I sometimes eat Butterkist Toffee Popcorn. It was the sort of thing we would normally only get when we went to the pictures when I was wee. We didn’t often go as a family because there were lots of us so it would have been expensive and dad worked shifts as a polis so we would seldom have weekend evenings together for a trip to the cinema in Edinburgh. Finally, my mum only learned to drive when I was in my early teens. Still, we’d go to the NPH in St Andrews when we were on our hols in Fife and the weather was too Fifey to do anything outside.
I remember one trip across from St Andrews to Lundin Links in a more than usually Scottish thunderstorm. There were almost two very Catholic families crammed into a Volkswagen Beetle. We were like one of those record attempts where students would see how many people they could cram into a small car to raise money for charity but we were doing it to get fish suppers. Anyway, one Beetle, lots of noisy kids, several stressed out adults, rain stotting knee-high and arm-thick off the road, lightning flashing all over the place, and my grandmother yelling at us not to touch the sides of the car in case we were struck by lightning.
There is something about the smell of Butterkist. It has a sweaty, sweet smell sometimes that reminds me of something else and I can’t quite place what that is. There are loads of things like that, smells and tastes which trigger a hazy memory and nothing you do can drag the rest of the memory out into consciousness. The synaesthesia doesn’t quite kick in all the way. You taste the madeleines and there’s something there but it’s not enough. The messages go from the tip of the tongue to the back of the mind and get stuck.
There’s a spice I can’t quite identify but it’s in some curries and it’s another of those subtle tastes which almost trigger memories. Maybe it’s not a single spice. Maybe it’s a combination of them. Asafoetida does odd things to other tastes but I like adding it to my curries. I just have to remember to keep the jar tighly sealed, inside a Tupperware box which I bury in the back garden. I can’t describe the flavour because it flits chaotically across my memory, a butterfly sent hither and yon by the currents of other, stronger thoughts. I can’t even tell you the last time I tasted it or what I was eating, just that something almost tripped the switch in my head.
Do you ever feel something in your shoe on a long walk on a cold or wet day? You put up with it because it’s not quite annoying or painful enough for you to go through the faff of finding somewhere sheltered to remove your boot and sock. Nonetheless, finally you find somewhere out of the wind and rain, remove your rucksack, loosen the laces on your boot getting mud all over your hands in the process, take off the boot, waggle your foot in the air so you don’t get your sock wet in the puddles on the ground while you take it off only to find bugger all there. That. That’s the search for that memory. I’m not sure there’s anything really there at all.

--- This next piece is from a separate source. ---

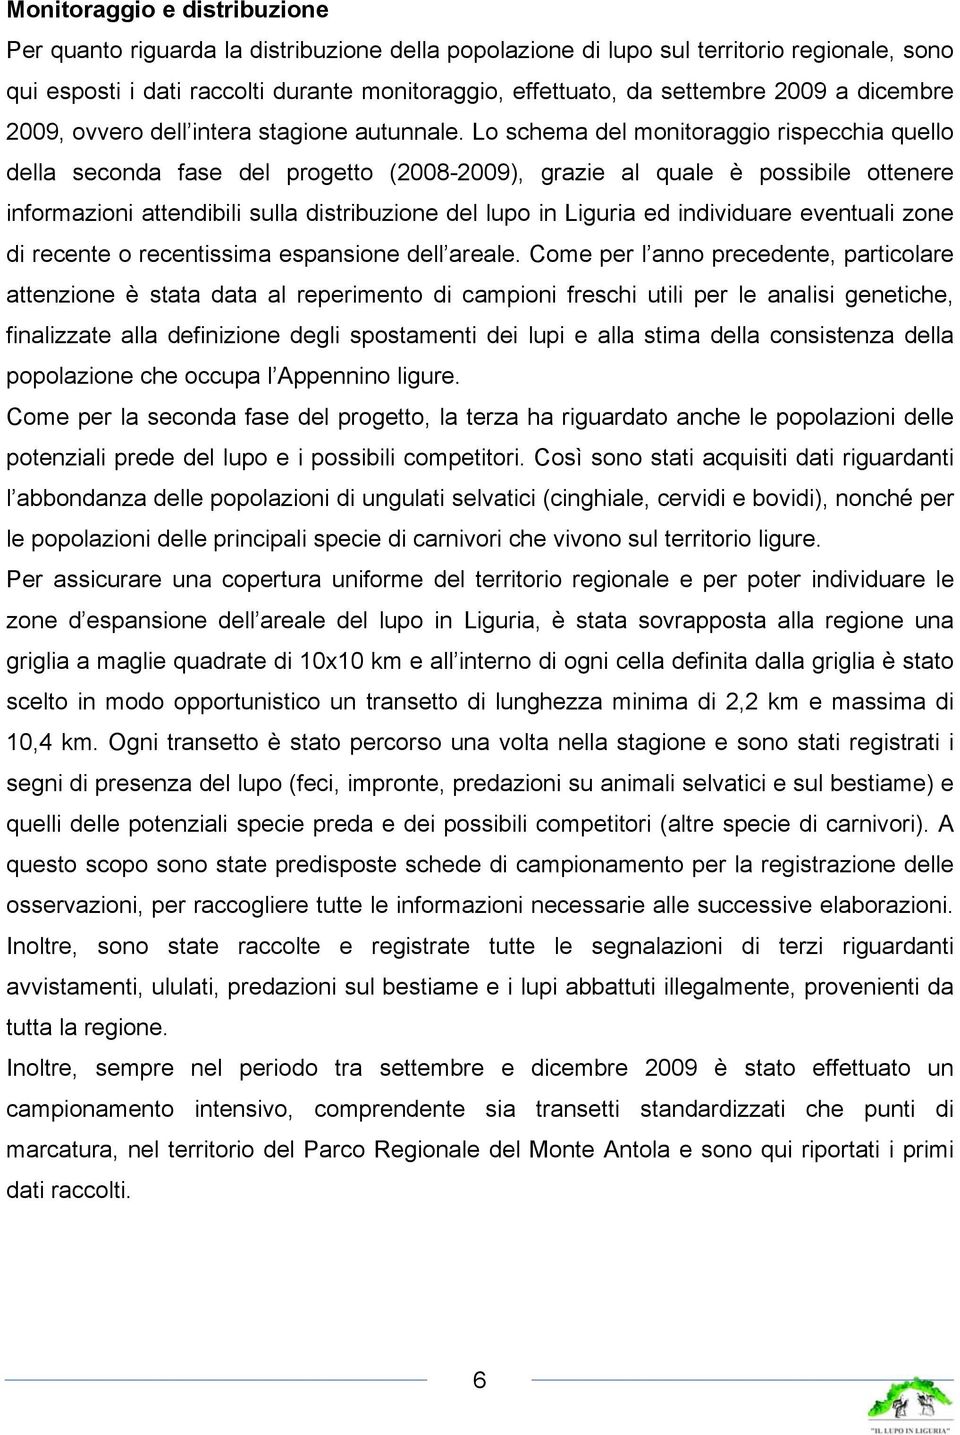 Lo schema del monitoraggio rispecchia quello della seconda fase del progetto (2008-2009), grazie al quale è possibile ottenere informazioni attendibili sulla distribuzione del lupo in Liguria ed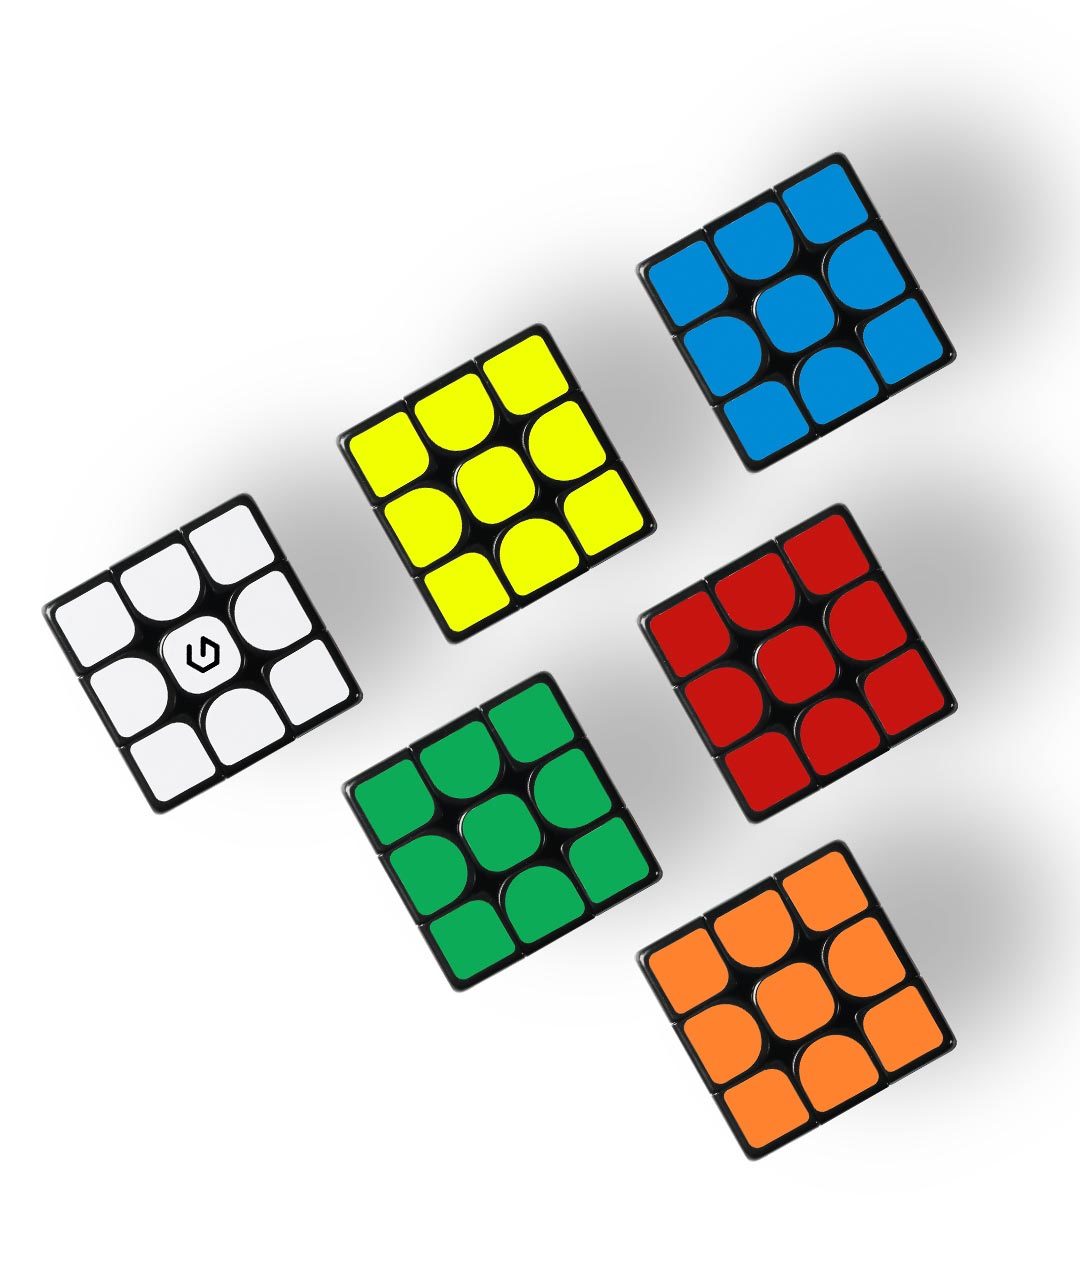 Головоломка giiker. Кубик Рубика Xiaomi Giiker counting Magnetic Cube m3. Кубик Рубика Xiaomi Giiker m3. Кубик Рубика Xiaomi Giiker Design off Magnetic Cube m3. Головоломка Xiaomi 3x3x3 Giiker m3.

I am sometimes surprised that really obvious things aren’t more memorable. Scotch Abernethy biscuits are much sweeter and crisper than ordinary digestives but they leave a particular paste and taste across the roof of my mouth and it’s not completely pleasant. It’s why I don’t have them very often but every now and again I’ll forget that and buy a packet because they go very well with a glass of milk as a nice wee afternoon snackette. I remember I like that but not the slighltly offputting mouth feel.
The trouble for me with talking about memories is that mine isn’t great. I forget names and titles of books very easily. I have picked the wrong sport to follow. Athletics is one sport but it’s so many different disciplines. I have trouble remembering the names of even my athletic heroes. It took me ten minutes to remember Michael Johnson’s name yesterday. I had to go an look stuff up to be sure of his name. I can’t always remember who does what, even if I have a vivid visual memory of an event or a perfomance. I’ve talked before about all the labels falling from the memory so I can’t tell you the identity of someone even if I know exactly who they are and what they’ve done.
I’m off to reinforce some memories now by rewatching The West Wing. That’s apparently what we need to do to make sure memories hang around for longer. While I write, I’m listening to The Buena Vista Social Club which is triggering memories from years ago when my ex used to sing along to Omara Portuondo singing Besame Mucho on a Saturday evening in the house we shared in Oxford. It’s a surprisingly sweet memory to end on.